NEUROLOGICAL EXAMINATION: The gait is extremely spastic, broadbased and shuffling. There is a pronounced tendency to fall with severe dysmetria and dysdiadochokinesia. Paresis of all four extremities is noted, with hyperreflexia of the biceps and patellar tendon.

MRI:
a) CORONAL GADOLINIUM-ENHANCED SPIN-ECHO SEQUENCE OF THE CRANIOCERVICAL TRANSITION (IMAGES 1 - 2 - 3): A small enhancing nodule (arrowhead image 1) is seen in the left cerebellar hemisphere. In the cervical medulla, at the C2-C3 level, an intensely enhancing mass is seen. Above the lesion a cluster of serpiginous signal voids (arrow) is seen, representing draining veins. Enlargement of the spinal cord is noted.
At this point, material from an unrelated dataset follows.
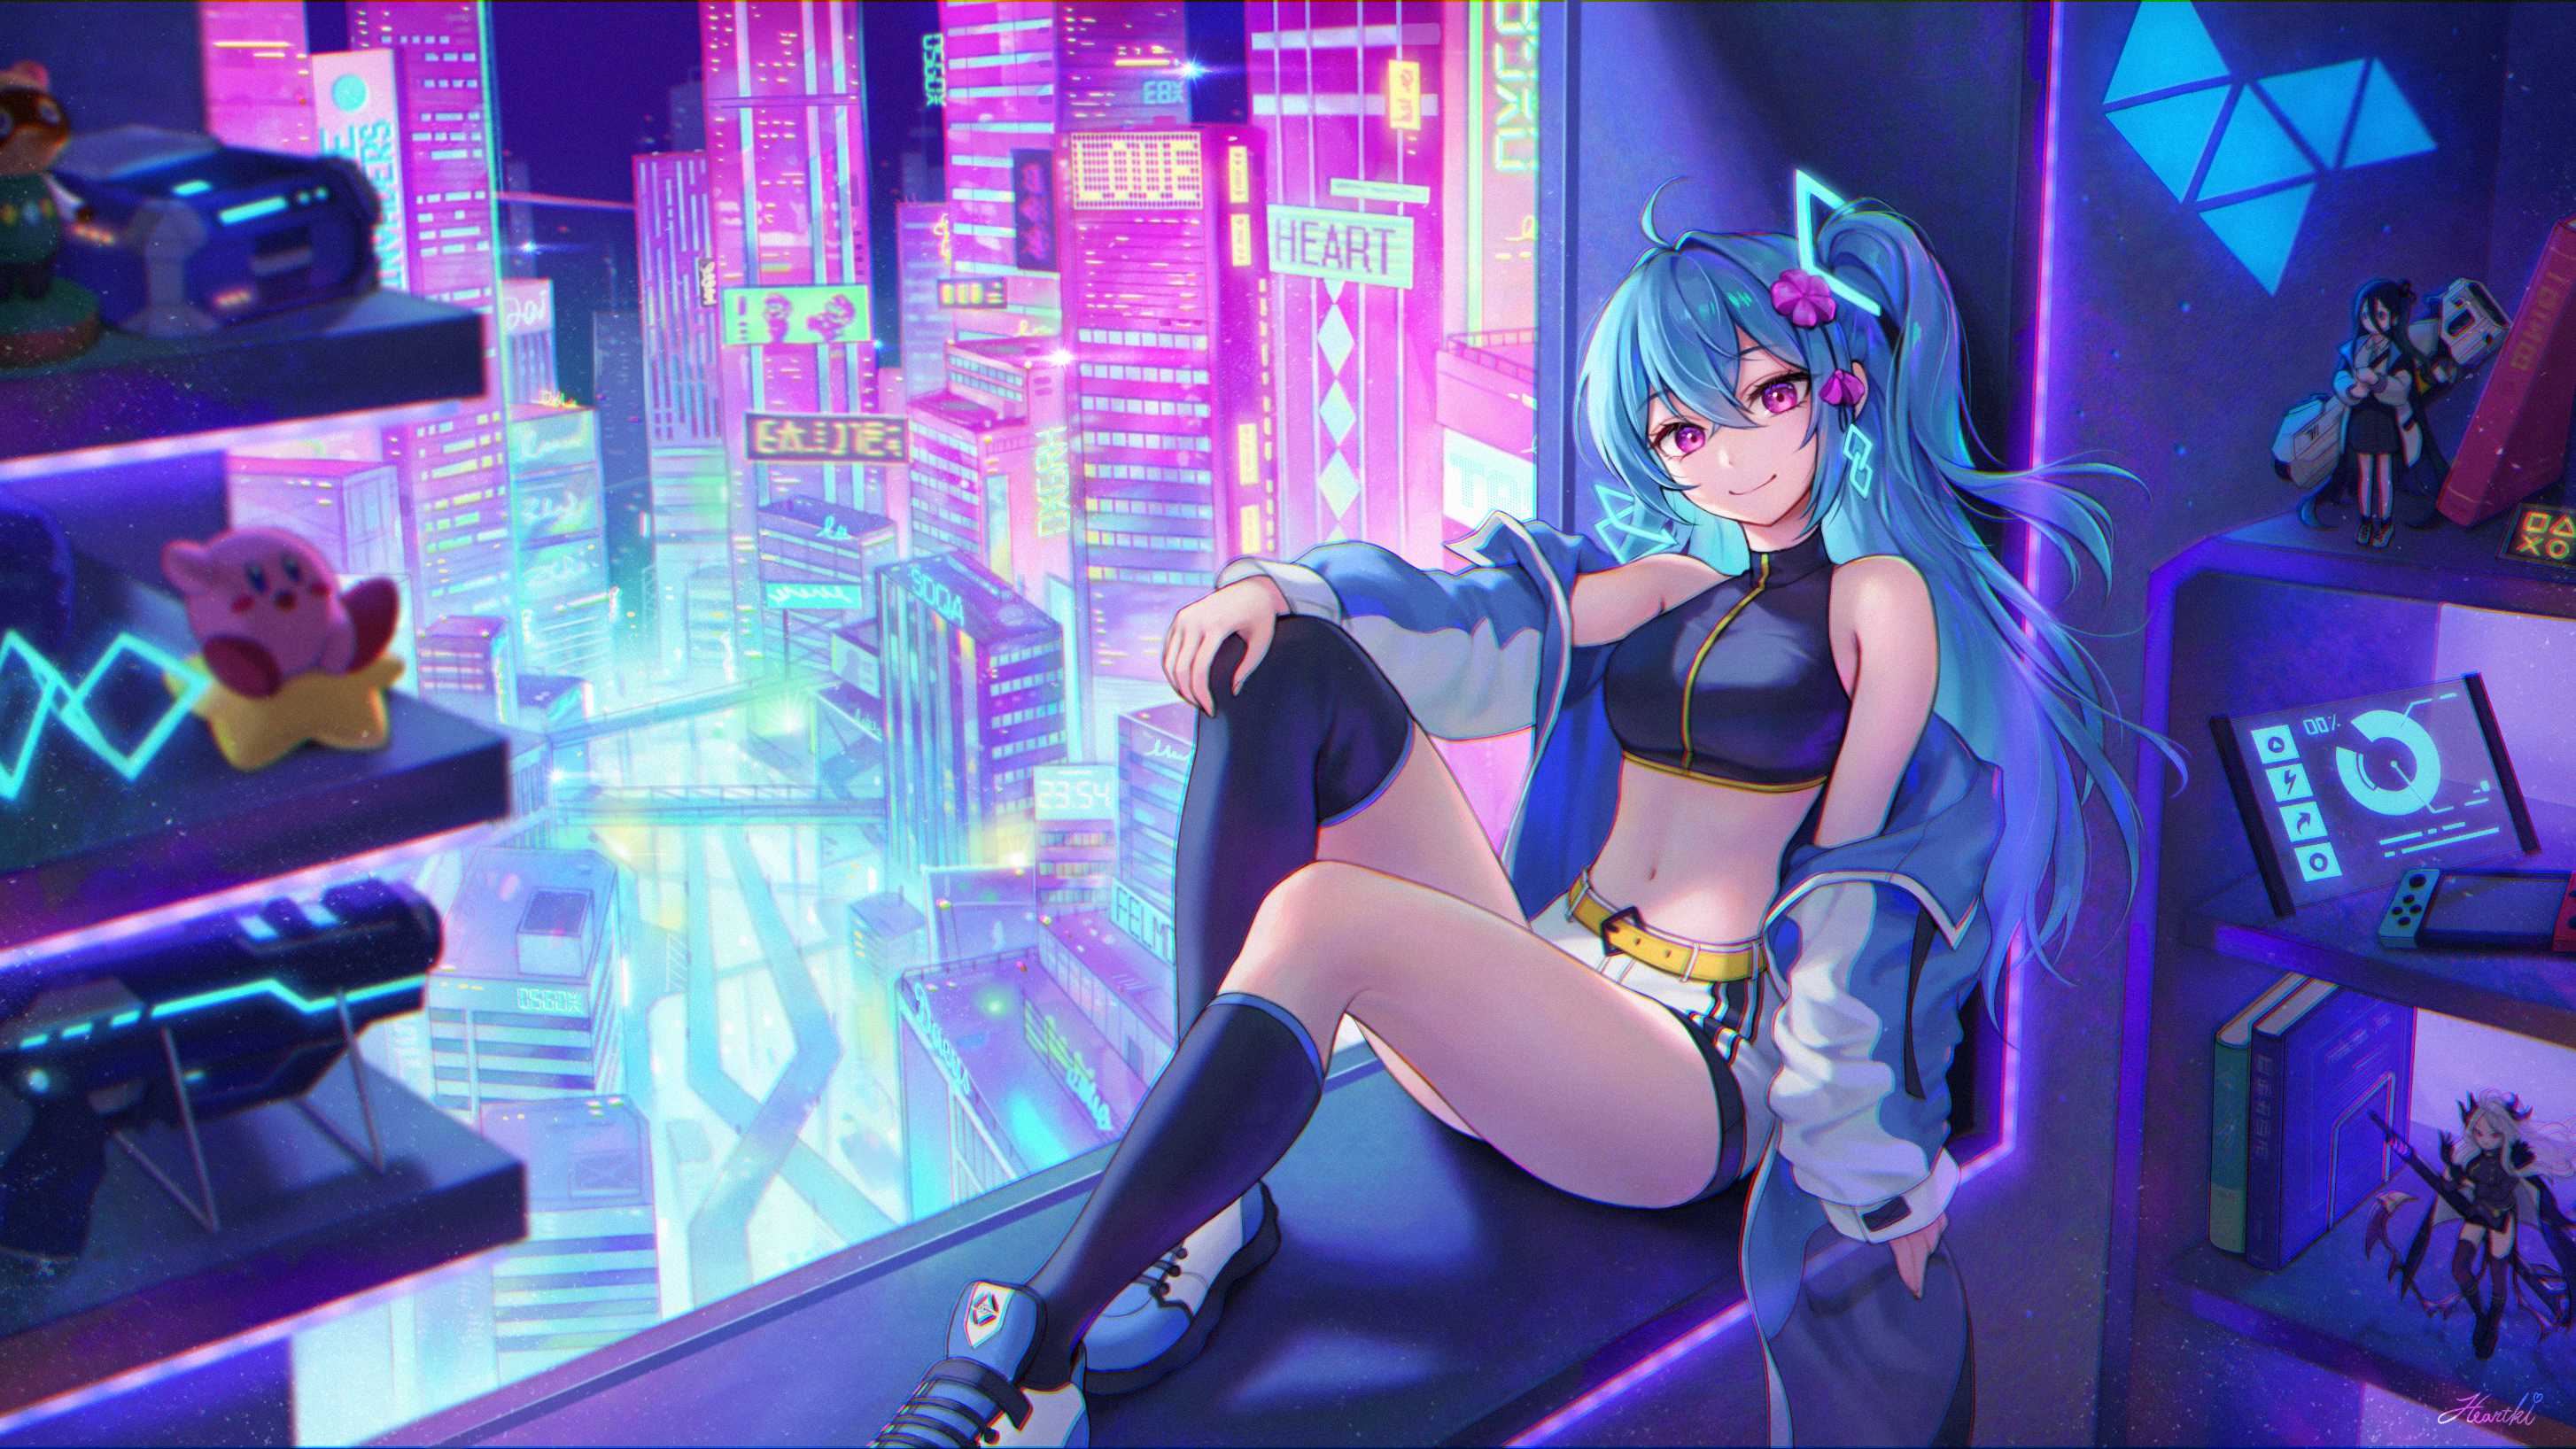 Anime Anime Girls Blue Hair Shorts City Cyberpunk Purple Eyes Cityscape 2908x1636
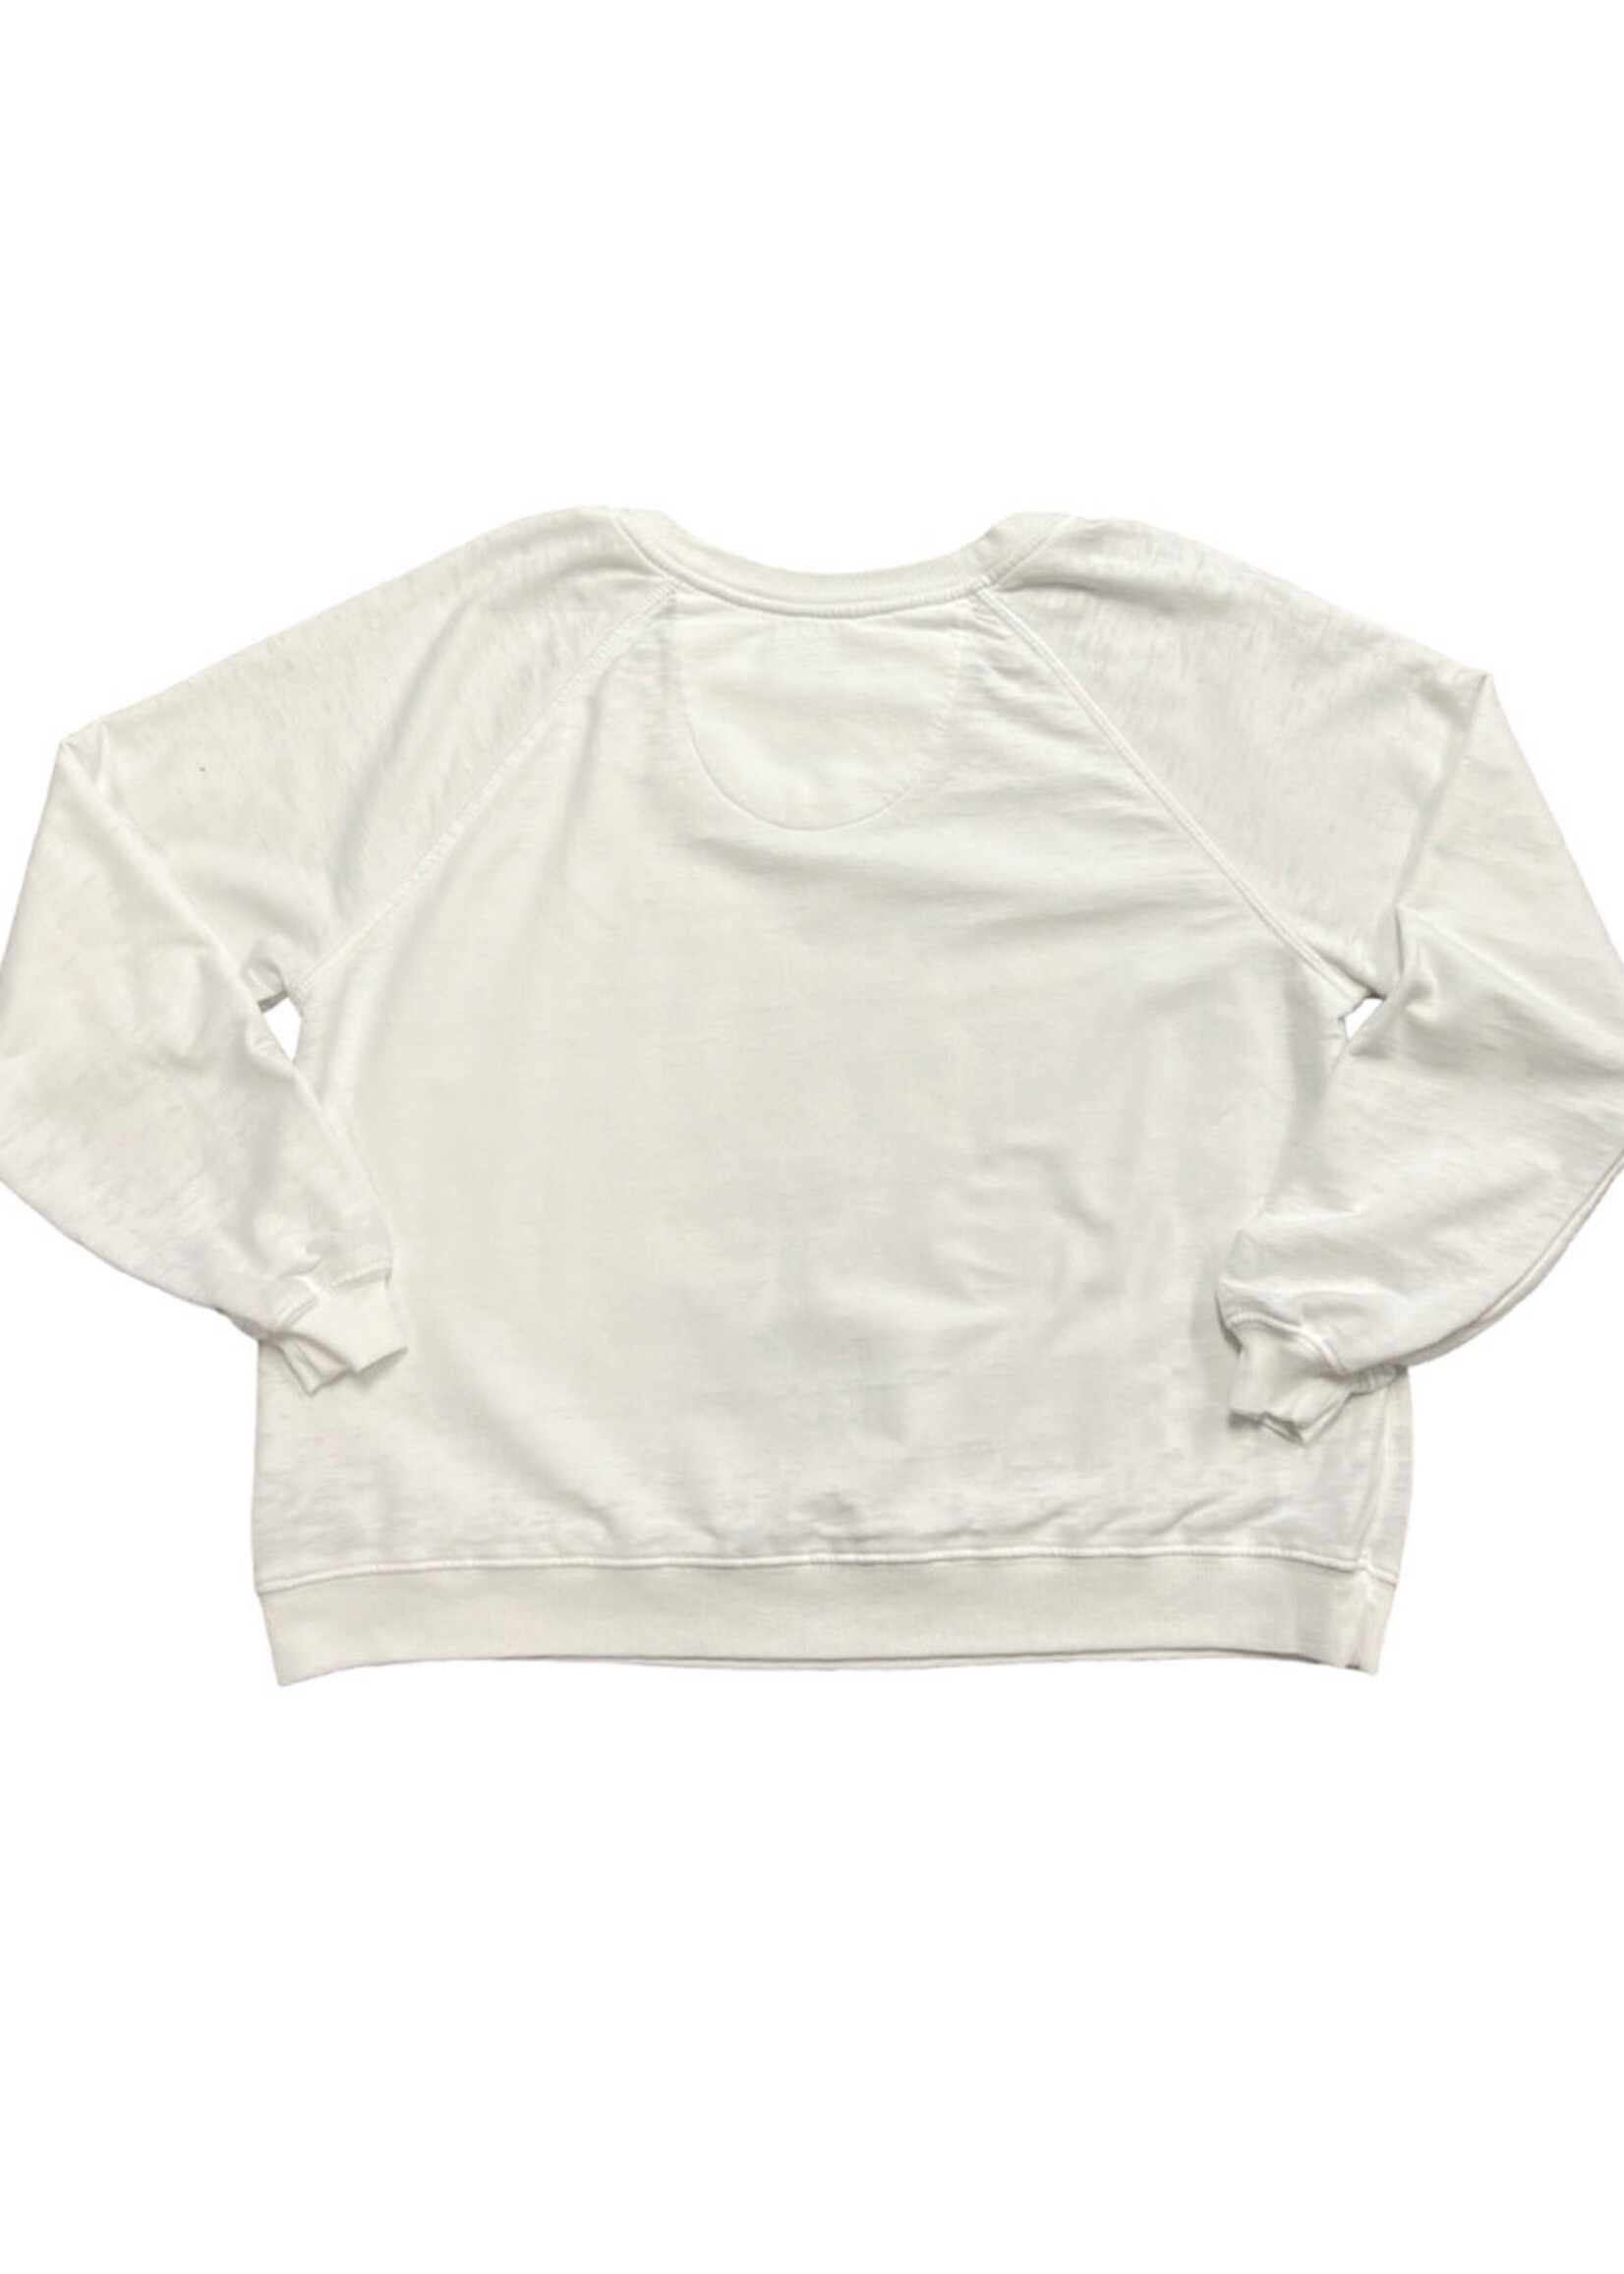 Recycled Karma Back to 80's Sweatshirt -White

b) SAGITTAL GD-ENHANCED SPIN-ECHO SEQUENCE (IMAGES 4 AND 5): The enhancing mass (arrowheads) and the draining veins are seen.

ANGIOGRAPHY:
a) ANTEROPOSTERIOR (IMAGE 6) AND LATERAL (IMAGE 7) PROJECTION OF THE LEFT VERTEBRAL ARTERY INJECTION, ARTERIAL PHASE: A hypervascular nodule is identified (arrowheads) in the left cerebellar hemisphere and the spinal cord.

b) ANTEROPOSTERIOR (IMAGE 8) AND LATERAL (IMAGE 9) PROJECTION OF THE RIGHT VERTEBRAL ARTERY INJECTION: An intense tumoral stain (arrowheads) is seen as are hypertrophic and tortuous draining veins (arrow).

RADIOLOGICAL DIAGNOSIS is cerebellar and spinal cord hemangioblastoma.

No surgical or pathological confirmation of these new lesions is available.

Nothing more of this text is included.